» THE RECORDS
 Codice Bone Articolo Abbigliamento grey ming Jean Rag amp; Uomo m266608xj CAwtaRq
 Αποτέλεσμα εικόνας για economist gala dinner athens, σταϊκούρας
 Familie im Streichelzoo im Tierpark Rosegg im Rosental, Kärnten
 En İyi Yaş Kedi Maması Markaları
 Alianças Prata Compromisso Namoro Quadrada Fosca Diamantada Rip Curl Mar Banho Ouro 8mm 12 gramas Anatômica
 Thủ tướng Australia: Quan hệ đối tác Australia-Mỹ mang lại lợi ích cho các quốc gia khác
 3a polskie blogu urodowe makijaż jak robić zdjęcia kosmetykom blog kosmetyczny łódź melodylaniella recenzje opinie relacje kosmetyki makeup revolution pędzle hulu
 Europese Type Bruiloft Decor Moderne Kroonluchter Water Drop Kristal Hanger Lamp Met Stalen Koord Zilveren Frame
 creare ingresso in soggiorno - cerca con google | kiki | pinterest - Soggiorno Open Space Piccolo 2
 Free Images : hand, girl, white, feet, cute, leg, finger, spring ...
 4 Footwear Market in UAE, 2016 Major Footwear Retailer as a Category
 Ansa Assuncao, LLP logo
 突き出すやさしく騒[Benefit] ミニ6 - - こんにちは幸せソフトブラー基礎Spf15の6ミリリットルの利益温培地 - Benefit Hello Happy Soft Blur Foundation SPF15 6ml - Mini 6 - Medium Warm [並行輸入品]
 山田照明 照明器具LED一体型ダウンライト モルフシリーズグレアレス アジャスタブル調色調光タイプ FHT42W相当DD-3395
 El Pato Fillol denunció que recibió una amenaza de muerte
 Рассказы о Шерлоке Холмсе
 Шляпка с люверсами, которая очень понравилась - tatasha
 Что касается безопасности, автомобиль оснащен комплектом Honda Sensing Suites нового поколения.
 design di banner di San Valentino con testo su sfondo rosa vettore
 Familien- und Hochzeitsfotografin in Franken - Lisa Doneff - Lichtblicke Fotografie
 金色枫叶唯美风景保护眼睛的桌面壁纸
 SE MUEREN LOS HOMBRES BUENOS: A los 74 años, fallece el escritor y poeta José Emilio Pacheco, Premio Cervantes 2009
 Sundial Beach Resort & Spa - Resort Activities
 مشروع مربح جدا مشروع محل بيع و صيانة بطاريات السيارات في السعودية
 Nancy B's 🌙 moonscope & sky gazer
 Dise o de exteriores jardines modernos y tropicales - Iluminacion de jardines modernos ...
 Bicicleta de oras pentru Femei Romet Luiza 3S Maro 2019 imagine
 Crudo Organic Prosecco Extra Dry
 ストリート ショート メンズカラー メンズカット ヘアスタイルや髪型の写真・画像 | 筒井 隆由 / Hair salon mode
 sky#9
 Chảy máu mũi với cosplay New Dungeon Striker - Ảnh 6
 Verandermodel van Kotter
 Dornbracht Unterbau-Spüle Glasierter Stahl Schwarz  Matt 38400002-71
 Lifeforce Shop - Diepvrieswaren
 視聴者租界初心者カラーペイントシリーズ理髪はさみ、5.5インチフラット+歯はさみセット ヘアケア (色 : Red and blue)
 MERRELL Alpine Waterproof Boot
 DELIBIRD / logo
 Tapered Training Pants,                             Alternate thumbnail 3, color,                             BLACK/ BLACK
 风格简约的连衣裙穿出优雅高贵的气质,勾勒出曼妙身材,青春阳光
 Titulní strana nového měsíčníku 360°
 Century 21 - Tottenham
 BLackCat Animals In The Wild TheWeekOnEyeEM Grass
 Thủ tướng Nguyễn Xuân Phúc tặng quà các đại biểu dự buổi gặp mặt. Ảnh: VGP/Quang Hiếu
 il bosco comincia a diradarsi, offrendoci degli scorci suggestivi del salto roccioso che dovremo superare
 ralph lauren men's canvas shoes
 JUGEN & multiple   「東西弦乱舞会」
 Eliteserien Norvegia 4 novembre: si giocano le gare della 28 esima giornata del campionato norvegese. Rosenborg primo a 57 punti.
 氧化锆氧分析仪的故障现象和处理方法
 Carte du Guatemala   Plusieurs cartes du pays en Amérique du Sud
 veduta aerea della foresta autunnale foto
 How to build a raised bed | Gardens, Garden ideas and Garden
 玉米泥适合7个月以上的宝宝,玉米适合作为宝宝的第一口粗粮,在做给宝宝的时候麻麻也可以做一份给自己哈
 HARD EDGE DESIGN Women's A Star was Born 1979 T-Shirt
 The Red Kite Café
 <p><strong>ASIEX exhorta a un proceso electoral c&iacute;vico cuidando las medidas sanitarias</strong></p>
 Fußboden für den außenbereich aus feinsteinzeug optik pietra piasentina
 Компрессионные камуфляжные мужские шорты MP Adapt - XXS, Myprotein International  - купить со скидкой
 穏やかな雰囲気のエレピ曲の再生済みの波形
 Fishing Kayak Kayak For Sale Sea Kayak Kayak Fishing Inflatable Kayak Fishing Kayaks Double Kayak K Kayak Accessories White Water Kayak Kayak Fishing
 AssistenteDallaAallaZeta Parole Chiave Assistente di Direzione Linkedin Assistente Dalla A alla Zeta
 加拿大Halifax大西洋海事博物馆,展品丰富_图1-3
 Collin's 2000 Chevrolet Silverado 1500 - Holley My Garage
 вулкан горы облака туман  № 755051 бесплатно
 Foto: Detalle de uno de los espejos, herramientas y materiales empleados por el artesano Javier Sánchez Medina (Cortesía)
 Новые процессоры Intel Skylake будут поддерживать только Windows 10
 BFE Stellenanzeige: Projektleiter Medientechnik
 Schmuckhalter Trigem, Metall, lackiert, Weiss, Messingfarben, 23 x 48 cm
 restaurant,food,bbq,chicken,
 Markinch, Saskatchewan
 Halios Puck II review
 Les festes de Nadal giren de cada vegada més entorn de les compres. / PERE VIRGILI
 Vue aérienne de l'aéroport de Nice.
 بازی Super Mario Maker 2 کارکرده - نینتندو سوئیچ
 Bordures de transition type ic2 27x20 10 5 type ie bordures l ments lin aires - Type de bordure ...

» WHAT IS BEING ASKED
Find where the line with "DELIBIRD / logo" sits in the material above, then copy exactly from it through the line with "穏やかな雰囲気のエレピ曲の再生済みの波形". Add no other line.

» RESULT OF THE EXERCISE
 DELIBIRD / logo
 Tapered Training Pants,                             Alternate thumbnail 3, color,                             BLACK/ BLACK
 风格简约的连衣裙穿出优雅高贵的气质,勾勒出曼妙身材,青春阳光
 Titulní strana nového měsíčníku 360°
 Century 21 - Tottenham
 BLackCat Animals In The Wild TheWeekOnEyeEM Grass
 Thủ tướng Nguyễn Xuân Phúc tặng quà các đại biểu dự buổi gặp mặt. Ảnh: VGP/Quang Hiếu
 il bosco comincia a diradarsi, offrendoci degli scorci suggestivi del salto roccioso che dovremo superare
 ralph lauren men's canvas shoes
 JUGEN & multiple   「東西弦乱舞会」
 Eliteserien Norvegia 4 novembre: si giocano le gare della 28 esima giornata del campionato norvegese. Rosenborg primo a 57 punti.
 氧化锆氧分析仪的故障现象和处理方法
 Carte du Guatemala   Plusieurs cartes du pays en Amérique du Sud
 veduta aerea della foresta autunnale foto
 How to build a raised bed | Gardens, Garden ideas and Garden
 玉米泥适合7个月以上的宝宝,玉米适合作为宝宝的第一口粗粮,在做给宝宝的时候麻麻也可以做一份给自己哈
 HARD EDGE DESIGN Women's A Star was Born 1979 T-Shirt
 The Red Kite Café
 <p><strong>ASIEX exhorta a un proceso electoral c&iacute;vico cuidando las medidas sanitarias</strong></p>
 Fußboden für den außenbereich aus feinsteinzeug optik pietra piasentina
 Компрессионные камуфляжные мужские шорты MP Adapt - XXS, Myprotein International  - купить со скидкой
 穏やかな雰囲気のエレピ曲の再生済みの波形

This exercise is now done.